Welcome to the documentation of the lbmpy lattice Boltzmann module! In this document we'll give you an overview over the architecture of the package and will show you different ways to use it. You can find more hands-on examples on how to set up specific simulations in the tutorial notebooks.

You probably already have noticed that this is not a normal website. You are looking at an interactive IPython/Jupyter notebook. That means that the following grey code cells contain valid Python code that can be run interactively. You can run the code cells by hitting Shift+Enter. Make sure to run all of them in order, since variables and state defined in an executed code cell is used by the next cells.

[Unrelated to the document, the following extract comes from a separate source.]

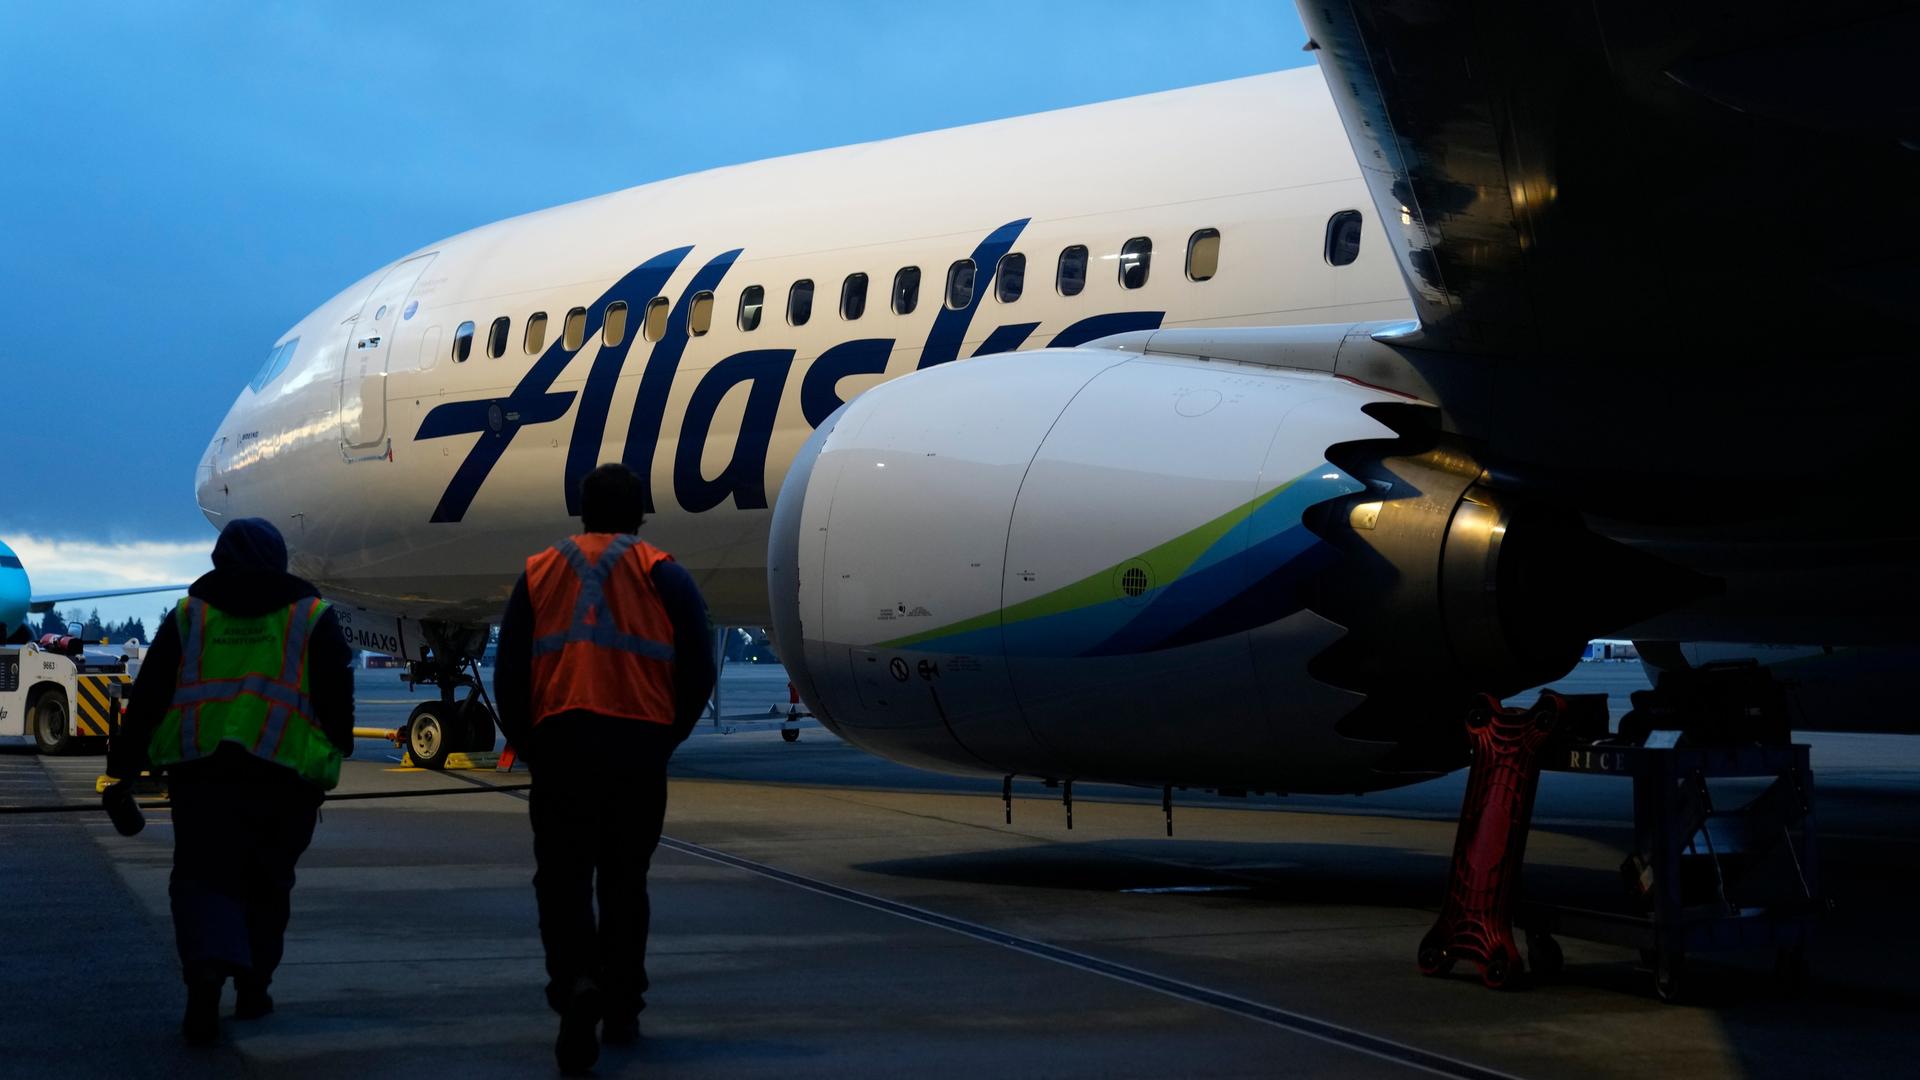 Eine Boeing mit Alaska-Airlines-Lackierung auf einem Rollfeld bei Dämmerung

## Code generation and its advantages¶

Now, back to lbmpy: Whats special about it? lbmpy is not just an implementation of different LB schemes in Python. Instead lbmpy is a package to generate fast C implementations. This is done by writing down the LB equations in a generic, symbolic way in a computer algebra system. Then the equations can be adapted to the specific problem, rearranged, and simplified. Basically you can think of this step as rewriting the "paper representation" of a method, such that a C programmer with no LB experience can implement it. At this step one can already insert scenario specific information into the equations, like fixing relaxation rates, stencil, force model or domain sizes, such that the equations can be written in a simpler form that has less floating point operations (FLOPs).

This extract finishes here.